In fact, rumors have been circulating in the industry that a separate structure may have been found at Deep Panuke — a prospect EnCana refuses to discuss.

The data gathered is still being analyzed as the big Canadian independent prepares to update federal and provincial regulators Dec. 10 on the status of the project, which was supposed to have come on stream in 2006 at 400 million cubic feet per day.

But with reserves at a marginal 935 billion cubic feet and other factors dragging on the project, EnCana called a time out earlier this year to seek ways of strengthening the anticipated economics of field development and expediting regulatory approvals.
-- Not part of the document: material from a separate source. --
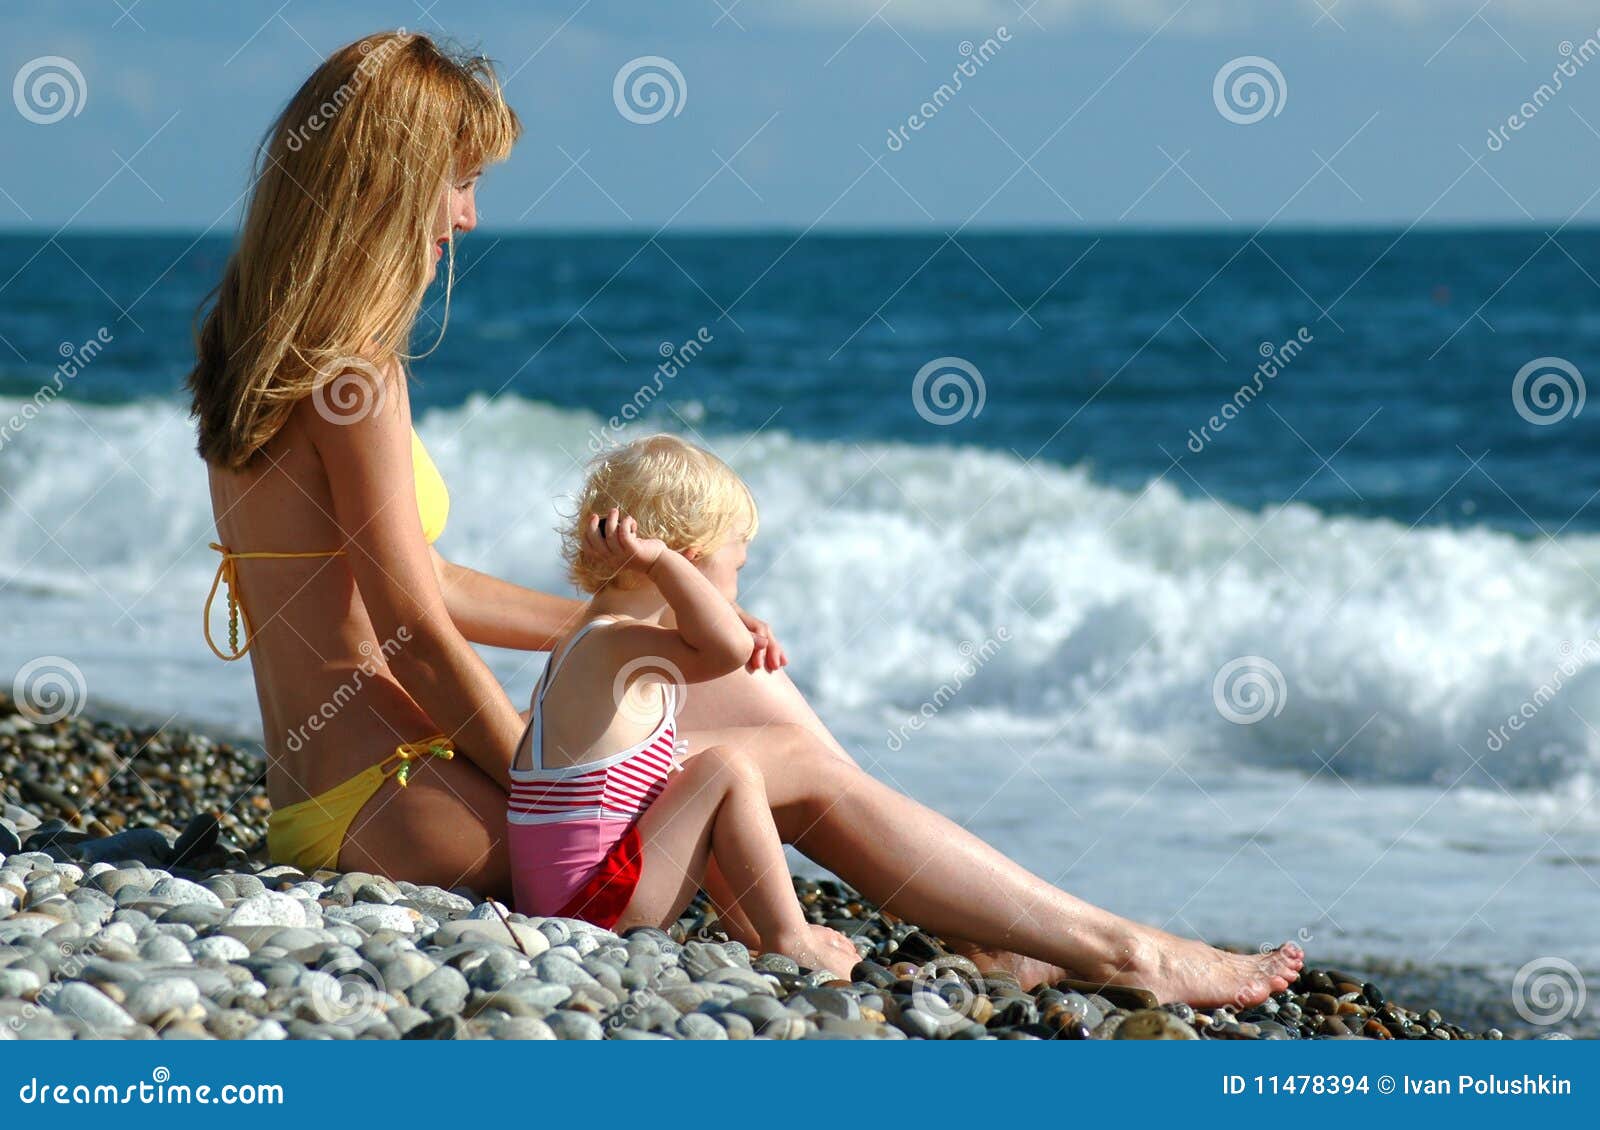 за голыми детьми на пляже фото 84

Chief Operating Officer Randy Eresman said it is “still too early to know precisely how development of this promising field may unfold. However, we are certainly encouraged by the additional drilling, which increases our confidence in the size of the reserve and the development potential at Deep Panuke.”

Beyond that EnCana won’t offer even a hint that the reserves are at the economic threshold.

For the Nova Scotia government and industry, battered by a series of drilling failures, a positive verdict is being portrayed by some as make-or-break for the new frontier at a time of growing uncertainty over future investment in the region.

The pioneering Sable Offshore Energy Project is showing signs of stumbling, less than four years after coming on stream and peaking at about 510 million cubic feet per day.

But Shell Canada, a 31.8 percent partner, reduced its own Sable reserve estimates in January by 90 billion cubic feet to 700 bcf and reclassified 200 bcf of “proven developed” reserves as “proven undeveloped.”

Plagued by production problems, Shell has seen its own share of output drop this year top 130 million cubic feet per day in the third quarter from 164 million a year earlier, indicating that overall volumes are below 400 million cubic feet per day.

However, successful well workovers and progress on Tier II fields are supposed to start restoring output over the next year.